Instructions for the task: The word "Photographer" may appear in some lines of the data; copy every such line.

Data excerpts:
= = = = = = =

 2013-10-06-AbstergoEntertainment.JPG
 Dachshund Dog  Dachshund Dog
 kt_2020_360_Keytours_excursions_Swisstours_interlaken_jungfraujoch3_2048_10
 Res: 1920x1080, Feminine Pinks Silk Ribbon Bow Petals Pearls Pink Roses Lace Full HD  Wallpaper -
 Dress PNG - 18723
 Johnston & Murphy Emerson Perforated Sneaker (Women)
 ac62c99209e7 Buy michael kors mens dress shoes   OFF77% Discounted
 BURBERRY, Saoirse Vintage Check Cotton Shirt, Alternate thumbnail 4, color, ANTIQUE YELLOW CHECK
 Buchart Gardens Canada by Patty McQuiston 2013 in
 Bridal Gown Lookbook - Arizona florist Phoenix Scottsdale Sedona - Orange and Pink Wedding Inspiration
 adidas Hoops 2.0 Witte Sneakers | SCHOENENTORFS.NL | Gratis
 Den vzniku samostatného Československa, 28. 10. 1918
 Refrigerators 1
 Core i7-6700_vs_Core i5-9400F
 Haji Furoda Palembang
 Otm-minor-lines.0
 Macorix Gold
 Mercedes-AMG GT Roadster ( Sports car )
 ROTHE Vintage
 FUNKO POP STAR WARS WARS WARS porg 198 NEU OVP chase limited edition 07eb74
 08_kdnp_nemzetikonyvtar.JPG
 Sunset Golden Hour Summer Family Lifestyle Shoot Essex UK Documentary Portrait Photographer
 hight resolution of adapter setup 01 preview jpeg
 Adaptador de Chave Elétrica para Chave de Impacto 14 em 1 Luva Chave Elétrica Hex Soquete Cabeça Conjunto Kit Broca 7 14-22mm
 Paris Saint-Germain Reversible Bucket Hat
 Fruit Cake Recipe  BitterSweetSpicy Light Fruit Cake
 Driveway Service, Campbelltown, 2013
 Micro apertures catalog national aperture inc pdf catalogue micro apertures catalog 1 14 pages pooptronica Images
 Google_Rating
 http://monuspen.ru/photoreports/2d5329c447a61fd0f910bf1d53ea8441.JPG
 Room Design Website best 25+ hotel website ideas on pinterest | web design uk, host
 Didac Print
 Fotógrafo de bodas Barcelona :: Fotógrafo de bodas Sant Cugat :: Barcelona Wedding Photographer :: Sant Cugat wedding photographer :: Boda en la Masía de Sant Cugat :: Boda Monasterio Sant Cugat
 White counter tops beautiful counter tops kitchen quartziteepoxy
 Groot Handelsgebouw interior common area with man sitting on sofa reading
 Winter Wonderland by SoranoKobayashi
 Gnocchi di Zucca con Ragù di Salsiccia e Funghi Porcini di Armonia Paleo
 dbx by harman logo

= = = = = = =

Expected answer:
 Sunset Golden Hour Summer Family Lifestyle Shoot Essex UK Documentary Portrait Photographer
 Fotógrafo de bodas Barcelona :: Fotógrafo de bodas Sant Cugat :: Barcelona Wedding Photographer :: Sant Cugat wedding photographer :: Boda en la Masía de Sant Cugat :: Boda Monasterio Sant Cugat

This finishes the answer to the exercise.